#### [EXERCISE BRIEF]
Retype, word for word, each line between the lines holding "Systems Engineering mit" and "Structure Fire UI screengrab", inclusive, and leave the rest of the data alone.

#### [RECORDS FOR THIS TASK]
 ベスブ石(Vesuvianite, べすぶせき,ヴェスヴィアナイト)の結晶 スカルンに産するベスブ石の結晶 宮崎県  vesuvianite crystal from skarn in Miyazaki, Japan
--
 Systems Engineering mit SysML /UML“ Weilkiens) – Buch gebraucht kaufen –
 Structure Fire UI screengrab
...
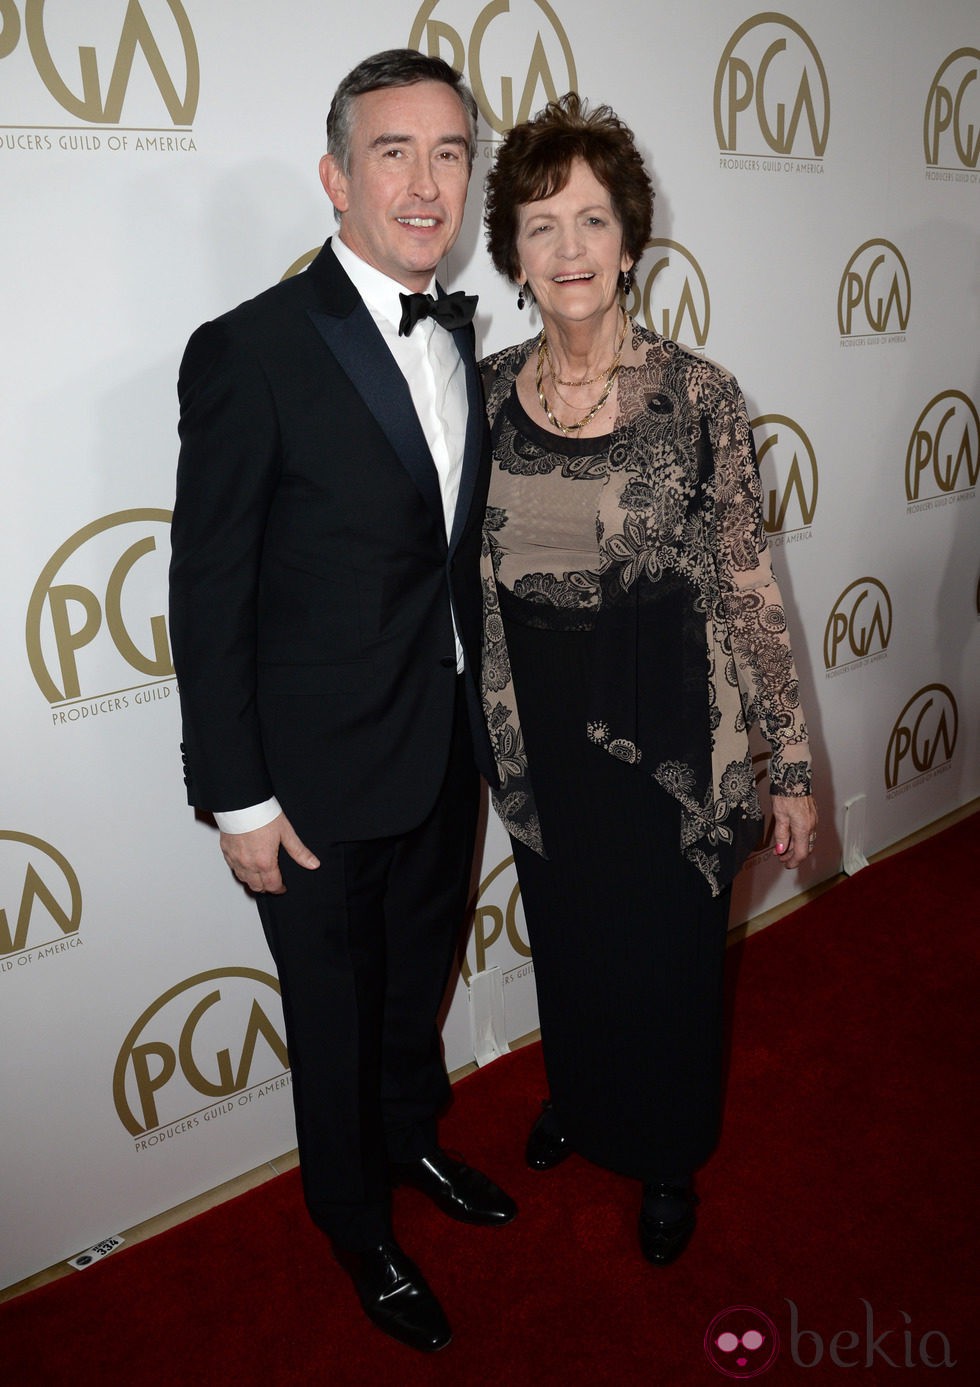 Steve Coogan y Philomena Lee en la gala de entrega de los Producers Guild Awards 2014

#### [COMPLETED EXERCISE]
 Systems Engineering mit SysML /UML“ Weilkiens) – Buch gebraucht kaufen –
 Structure Fire UI screengrab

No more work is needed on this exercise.